For one thing, there is an argument to be made that not shouldering the full financial burden of an attack may lessen the sense of urgency in being prepared for one — Lake City, Florida, which was attacked around the same time as Riviera Beach, also paid the ransom and issued a press release noting it is “responsible only for the $10,000 deductible to the League of Cities, thanks to a comprehensive insurance plan the City already has in place.” Is $10,000 enough incentive to ensure, at any cost, that such an attack doesn’t happen again? It’s a lot less than the $800,000 Riviera Beach spent on those (uninstalled) upgraded backup systems.

And what does an increase in claims do to premiums for everyone involved? Just as homeowners see their costs go up after a widespread disaster and a rash of claims, those paying for cybersecurity insurance will bear the burden of increased attacks — which will happen, in part, because insurance is paying cybercriminals’ demands, leading to more attacks. Lather, rinse, repeat.

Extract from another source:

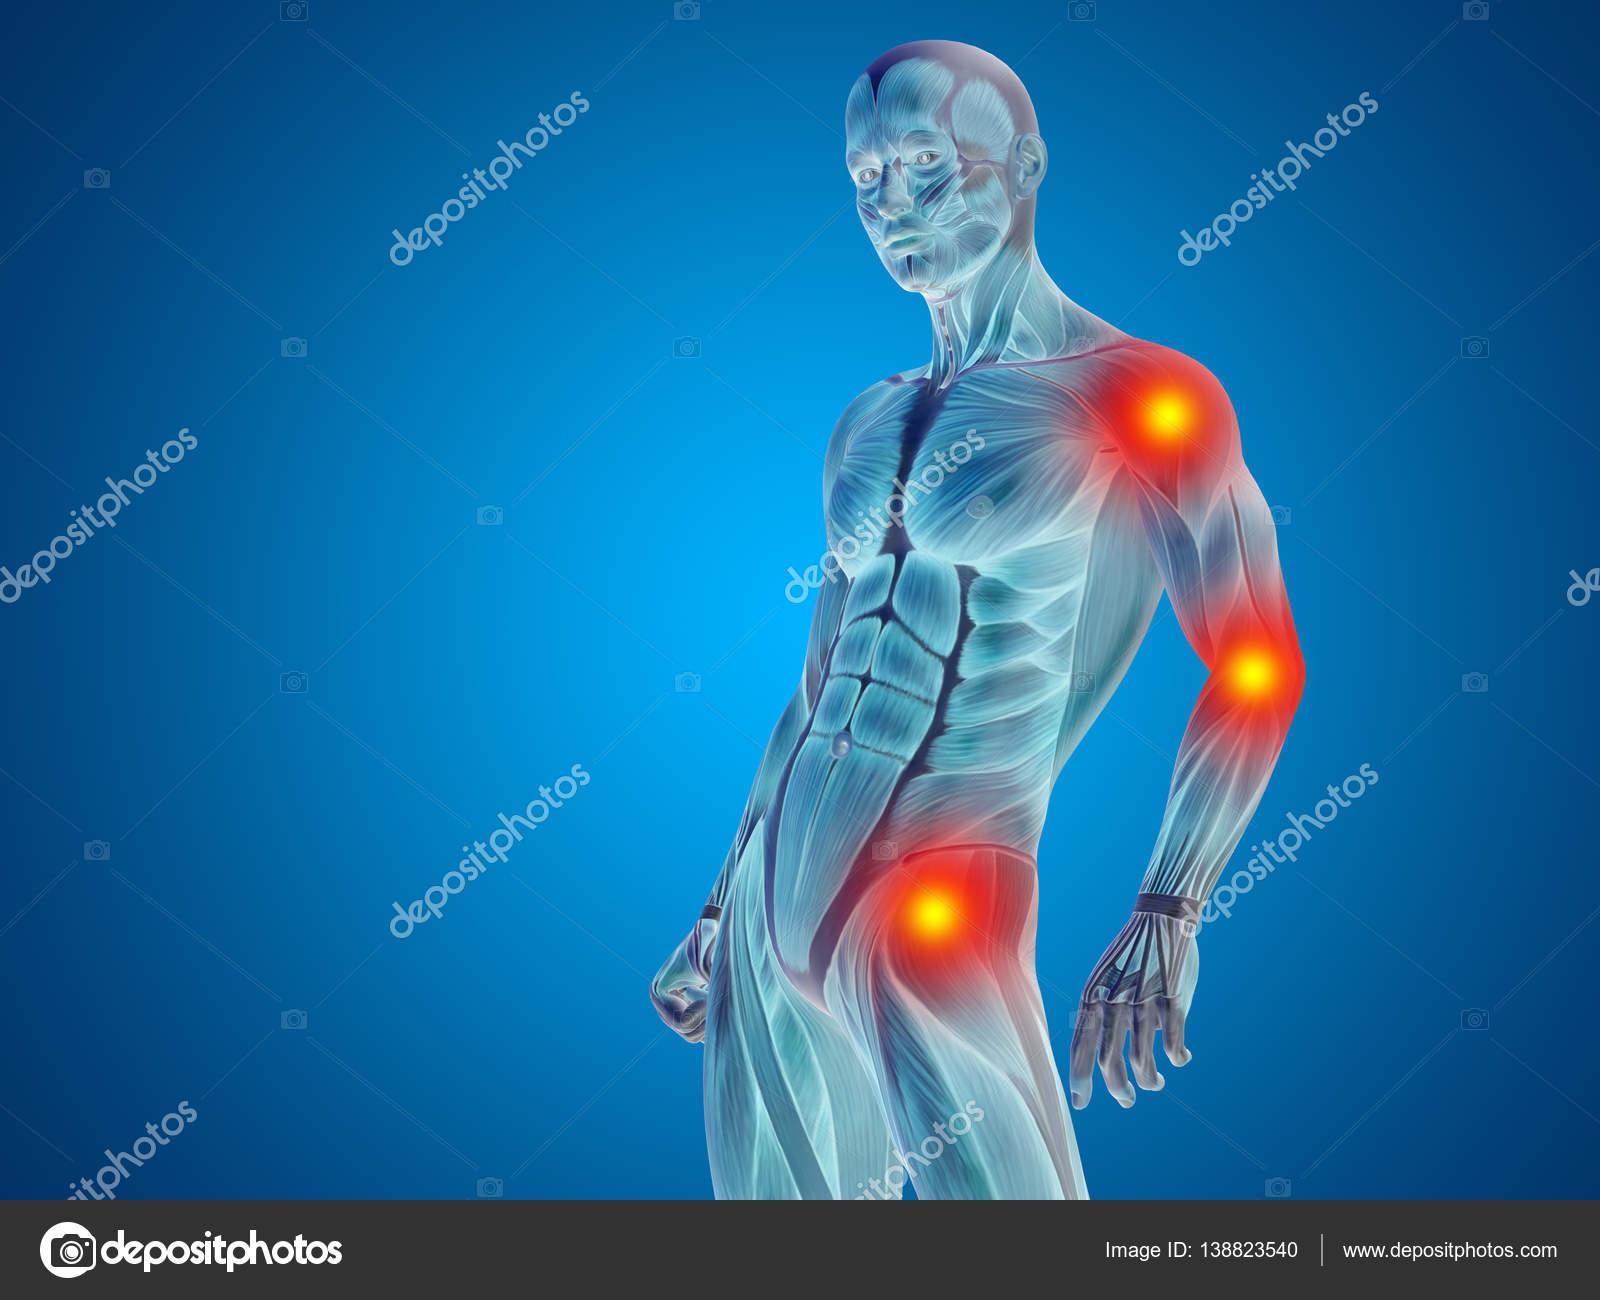 Human Upper Body Anatomy Stock Photo Design36 138823540

Regardless of the reasons why, there is no question that attacks are increasing. Security firm AppRiver recently released its Midyear Security Report with data on what it calls “Cities Under Siege,” noting that “2019 has already been a record year for some very disruptive attacks, which appear to be affecting municipalities at an alarming rate.”

And here is the final catch: There’s no guarantee that paying the ransom will ensure the systems come back up — we’re talking about criminals, after all. Do you really want to take the word of an international crime syndicate that, cross its heart, you’ll get all your data back once you pay?

There is no shortage of articles, resources and information on protecting yourself from cyberattacks — I personally write about it at least once a year and both of our publications dedicate entire issues and a wealth of resources to the subject of security. But it’s a constantly evolving subject, and the most important thing to do is stay vigilant. Preparation and prevention are the most critical steps to take, and that includes having a complete backup. Once you’re already compromised, someone else is in control of your data — if you haven’t prepared, then you’re at the whim of the attackers, and the decision to pay or not to pay is, unfortunately, the only one you have.